Some composers have grasped the nettle and written operas derived from Shakespeare’s King Lear. Greater ones – Verdi and Britten – have thought about it, and baulked at the prospect.

English Touring Opera is presenting the latest attempt at it, Alexander Goehr’s Promised End, the libretto extracted from Shakespeare’s text by Goehr himself and the late Frank Kermode, and its programme-book has all kinds of material backing up the idea.

Unfortunately this careful accumulation of context is not matched in the way the opera begins. Things are going on, the orchestra clustered backstage right, the singers huddling in front of them like waiting commuters, the simple central raised area the location for some action that is unfolding – but it takes a long time to get into the gist of it.
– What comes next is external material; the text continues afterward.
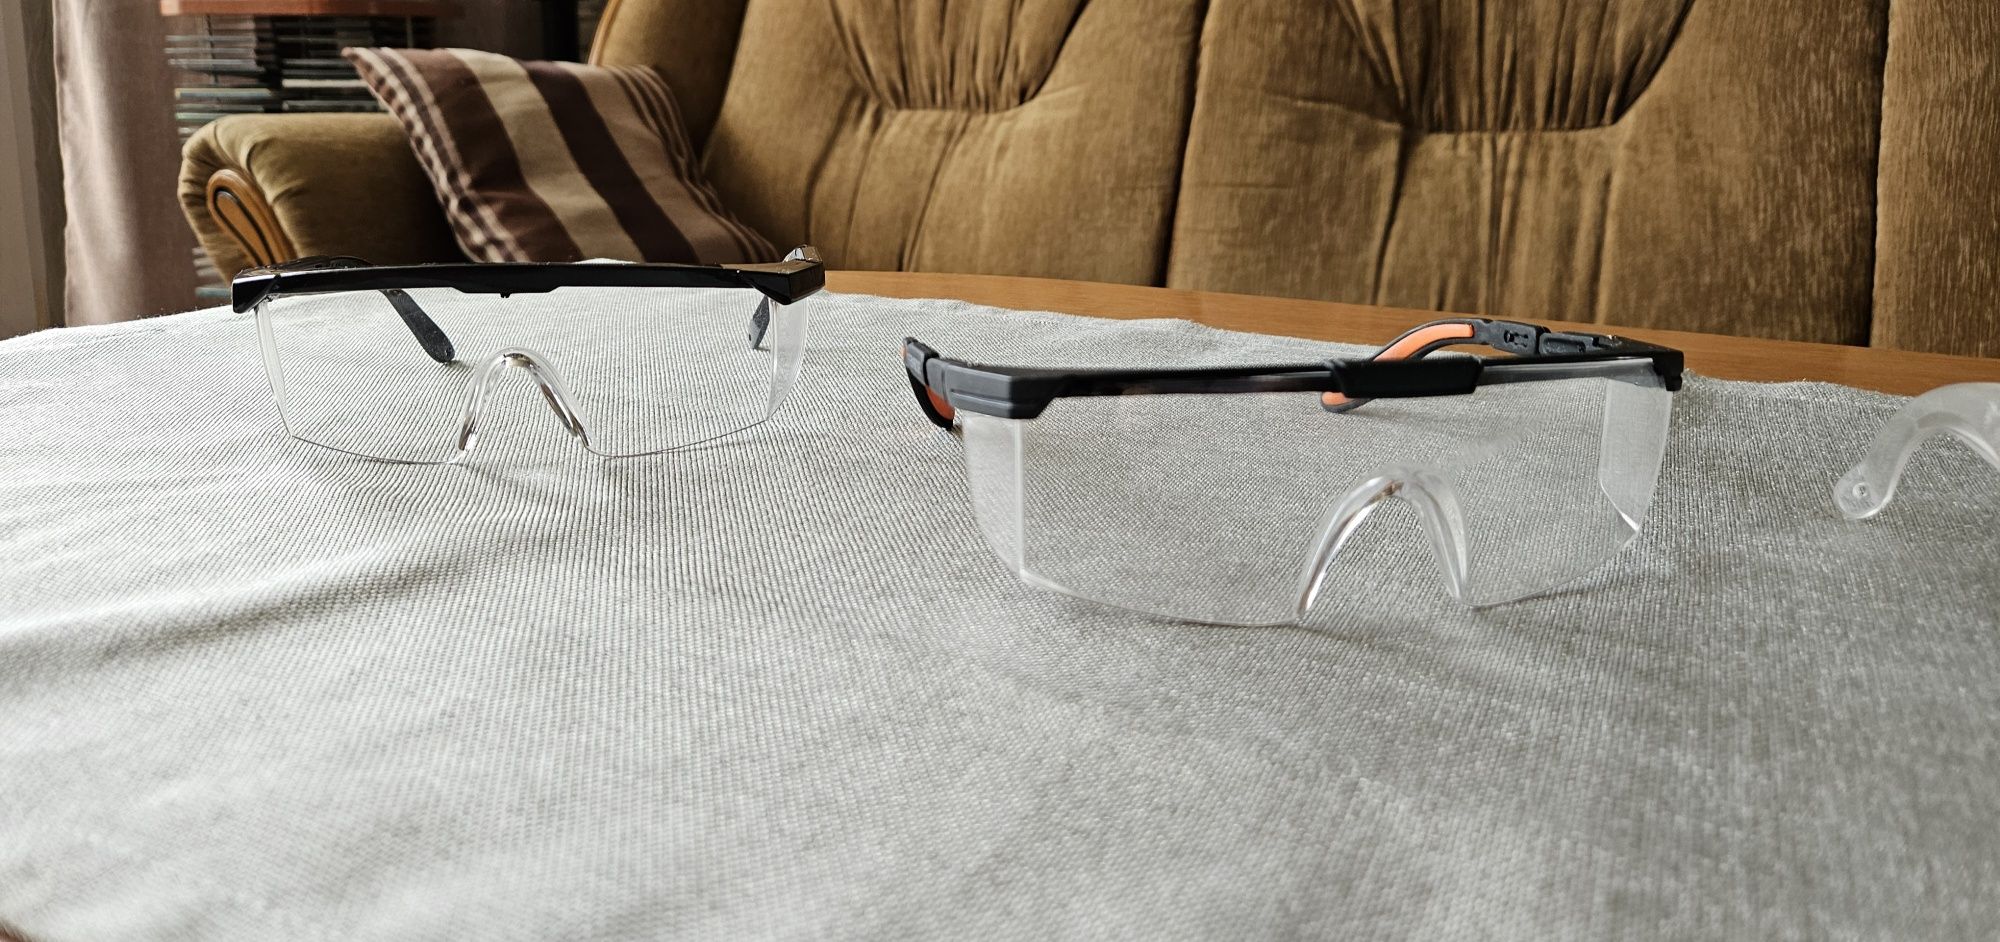 Nowe okulary ochronne Gog - Frameb REIS

It is only thanks to the clarity of diction from the singers, Roderick Earle’s Lear and Nigel Robson’s Gloucester in particular, that the action moves forward at all. These are bitty little scenes, imaginatively staged by director James Conway but there is no orchestral progression.

For all that the orchestral sonorities and textures are keenly imagined, the score seems more illustrative than illuminating – just the kind of thing that went down a storm in the 1960s.

Nevertheless, the presentation was brilliantly achieved, and conductor Ryan Wigglesworth did a fantastic job holding the ensemble together.

I suspect everything was miked in this cavernous auditorium. The opera had been kicked out of the more appropriate Festival Theatre by Ayckbourne’s Bedroom Farce. I make no comment.